In a prior essay, “Thomas Jefferson’s Prophetic Anti-City Sentiments” (Abbeville), I wrote about Jefferson’s dislike of cities—the larger, the worse. In this essay, I discuss his plan making cities healthy—viz., if there must be cities, Jefferson’s plan for what we can do keep corruptions from them.

Yellow fever, in 1793, struck Philadelphia, then the capitol of the United States. There were over 5,000 deaths in a period of four months—the capitol of the young nation at the time—and caused some 20,000 of its inhabitants to flee the city, with over 50,000 inhabitants. Of the event, Jefferson says in a letter years later to Dr. Benjamin Rush (23 Sept. 1800), “Providence has in fact so established the order of things, as that most evils are the means of producing some good.” The yellow-fever outbreak will discourage the growth of great cities—which are “pestilential to the morals, the health and the liberties of man”—in America. The sentiment seems heartless, and many scholars have said that, but Jefferson was always anticity and pro-agrarian. Nonetheless, the devastation led him, ever contriving, to formulate a plan.

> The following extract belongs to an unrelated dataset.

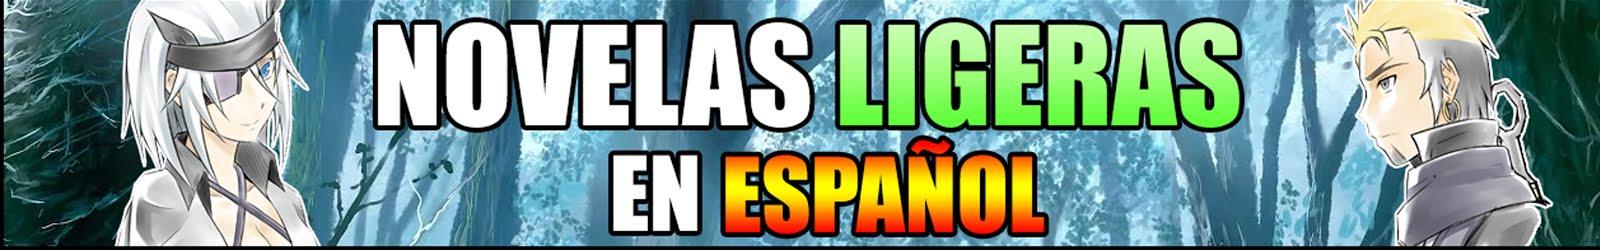 Novelas Ligeras en Español
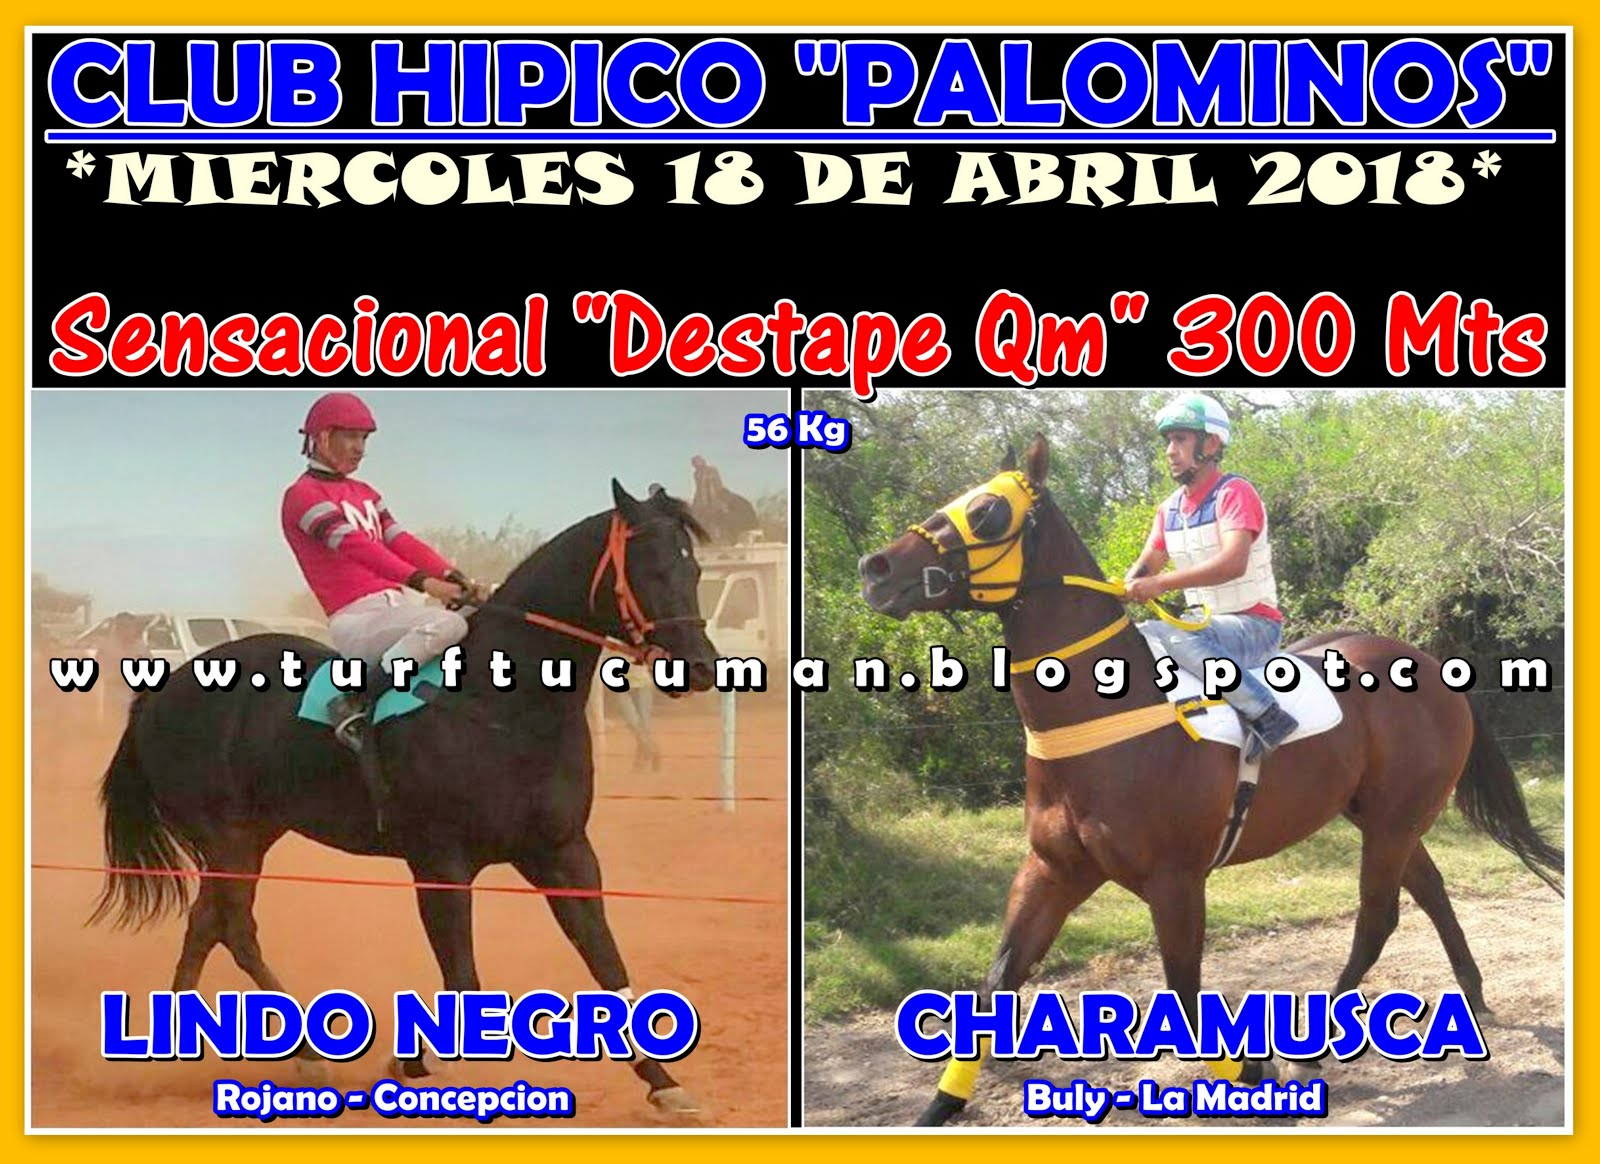 LINDO NEGRO VS CHARAMUSCA

Jefferson proposes in a letter to Comte de Volney (8 Feb. 1805) “the chequer board for a plan” for building in towns to discourage diseases by making a town similar to the country and “insusceptible of the miasmata which produce yellow fever.” The checkerboard design—with buildings on each of the four sides of one square and an open squared space on each side of the buildings—was likely something Jefferson had in mind since his days in Paris, when he observed innovations in the design, function, and placement of hospitals to help the sick (see, e.g., TJ to David Humphreys, 14 Aug. 1787). Jefferson begins with a lengthy account of the “peculiar character” of yellow fever in his letter to Volney and then turns to prophylaxis:

I have supposed it practicable to prevent it’s generation by building our cities on a more open plan. take for instance the chequer board for a plan. let the black squares only be building squares, and the white ones be left open, in turf & trees. every square of houses will be surrounded by four open squares, & every house will front an open square. the atmosphere of such a town would be like that of the country, insusceptible of the miasmata which produce yellow fever.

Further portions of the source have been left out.